Then those dreams turned to nightmare, to the worst horror I could imagine. I am sorry if you have already heard this story—perhaps you have—but there is no way I can finish this introduction without being honest about this particular passage in my life.

In 1976, when I was twenty-five, I began writing for Rolling Stone. When the magazine came along in 1967, it announced itself as a voice that might prove as fervent and intelligent as the brave new music that it dared to champion. From the time I began reading the magazine, I held a dream of someday writing for its pages. To me, that would be a way of participating in the development of the music I had come to love so much.

In the autumn of 1976, I learned that Rolling Stone had accepted an article of mine for publication. I was elated. Then, about a week later I learned something horrible, something that killed my elation: My older brother, Gary Gilmore, was going to be put to death by a firing squad in Utah. It didn’t look like there was much that could stop it—and I didn’t know if I could live with it.
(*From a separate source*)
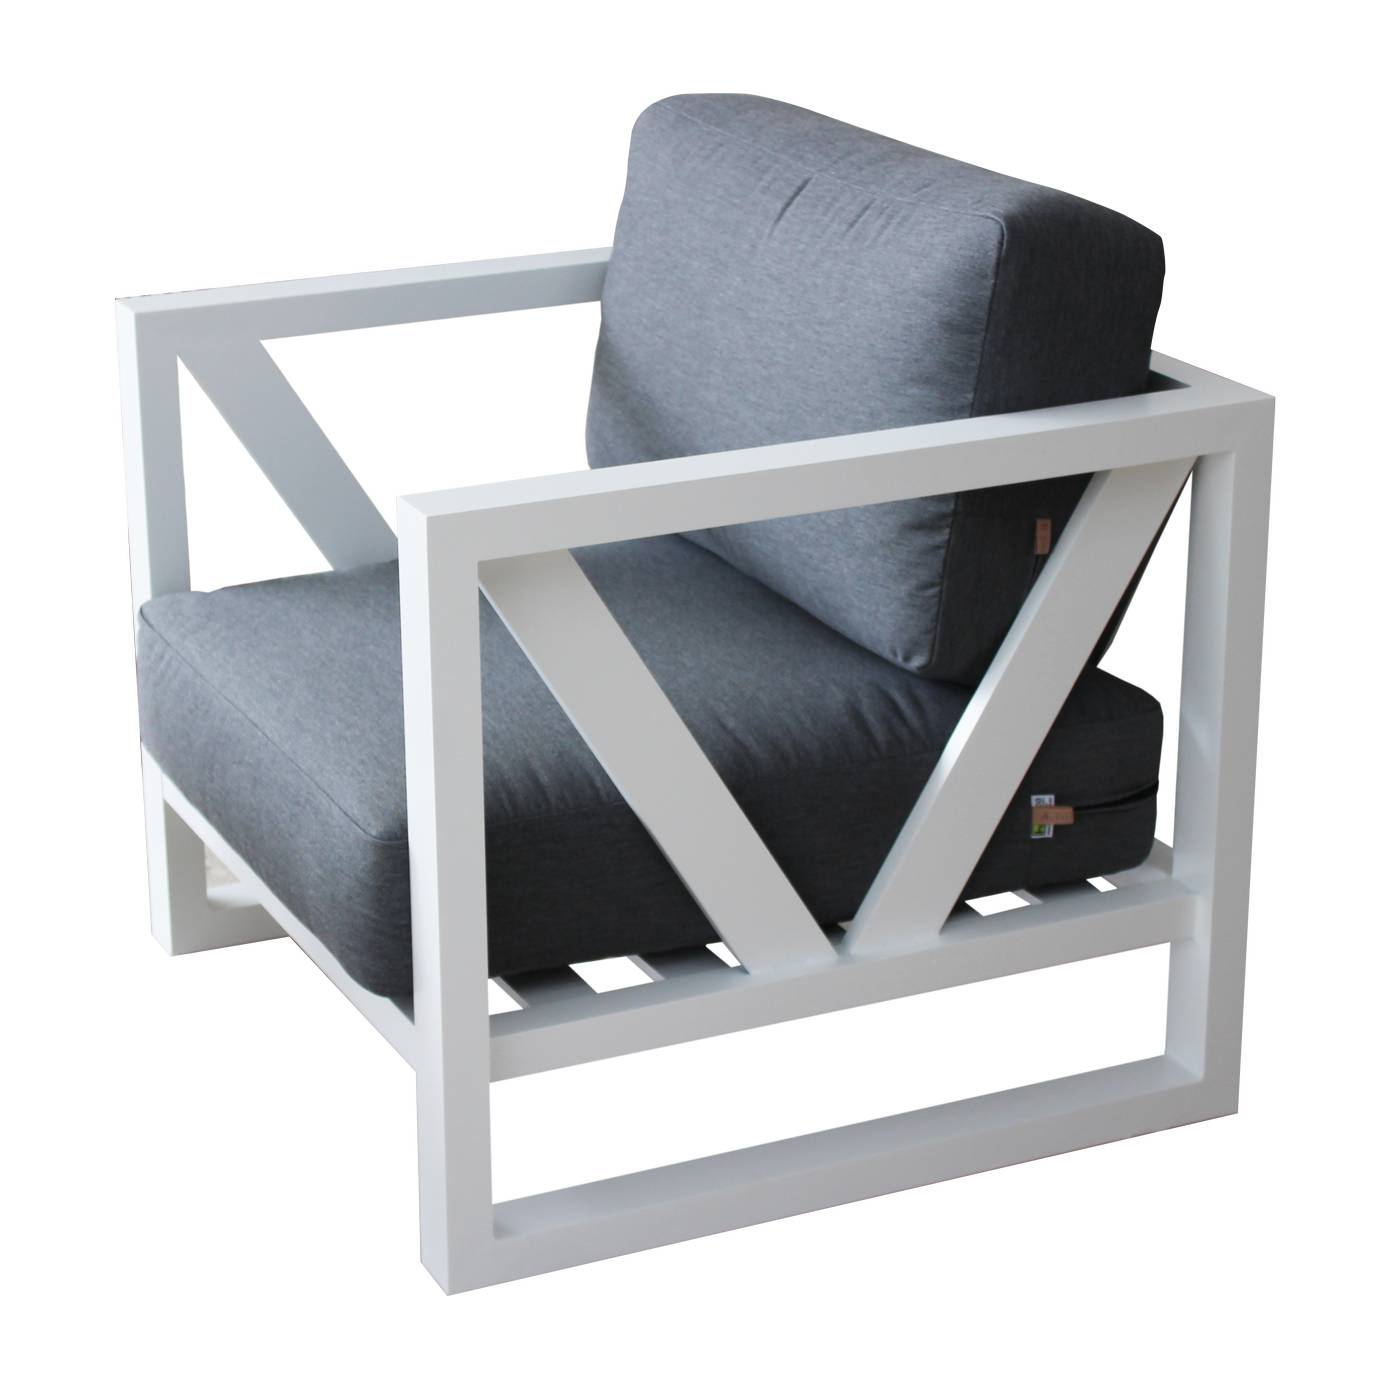 Set Aluminio Luxe Ventus-8 - Lujoso conjunto de aluminio: sofá 3 plazas + 2 sillones + mesa de centro. Color conjunto: blanco, antracita, champagne, plata o marrón.

A few months before, in April 1976, Gary—ten years my senior—had been paroled from the U.S. Penitentiary at Marion, Illinois, to Provo, Utah, following a fifteen-year period of often brutal incarceration, largely at Oregon State Prison. Unfortunately, Gary’s new life as a free man shortly grew troubled and violent, and on a hot and desperate July night, my brother crossed a line that no one should ever come to cross: in a moment born from a life of anger and ruin, Gary murdered an innocent man—a young Mormon named Max Jensen—during a service station robbery. The next night, he murdered another innocent man—another young Mormon, Ben Bushnell, who was working as a Provo motel manager—during a second robbery. Within hours, Gary was arrested, and within days he had confessed to his crimes. The trial that followed was pretty much an open-and-shut affair: Gary was convicted of first degree murder in the shooting of Ben Bushnell, and he was sentenced to death. Given the choice of being hung or shot, Gary elected to be shot.

All this had happened before I began writing for Rolling Stone, and a few months later, when I did begin working for the magazine, I never mentioned anything about my brother or his crimes to any of my editors or fellow journalists. Only a handful of my friends knew about my strained relationship with my troubled brother. The truth is, I had put myself at a distance from the realities of Gary’s life for many years; I told myself that I feared him, that I resented his violent and self-ruinous choices, that he and I did not really share the same bloodline. After Gary’s killings and his subsequent death sentence, I felt grief and rage over his acts, and I also felt deep and painful humiliation: I could not believe that my brother had left his family with so much horror and shame to live with, and I could not forgive him for what he had done to the families of Max Jensen and Ben Bushnell. But in a way, the whole episode seemed more like a culmination of horror rather than its new beginning. That’s because part of me believed that Gary would never be executed—after all, there had not been any executions in America in a decade—and that he instead would simply rot away the rest of his life in the bitter nothingness of a Utah prison. At the same time, I think another, deeper part of me always understood that Gary had been born (or at least raised) to die the death he would die.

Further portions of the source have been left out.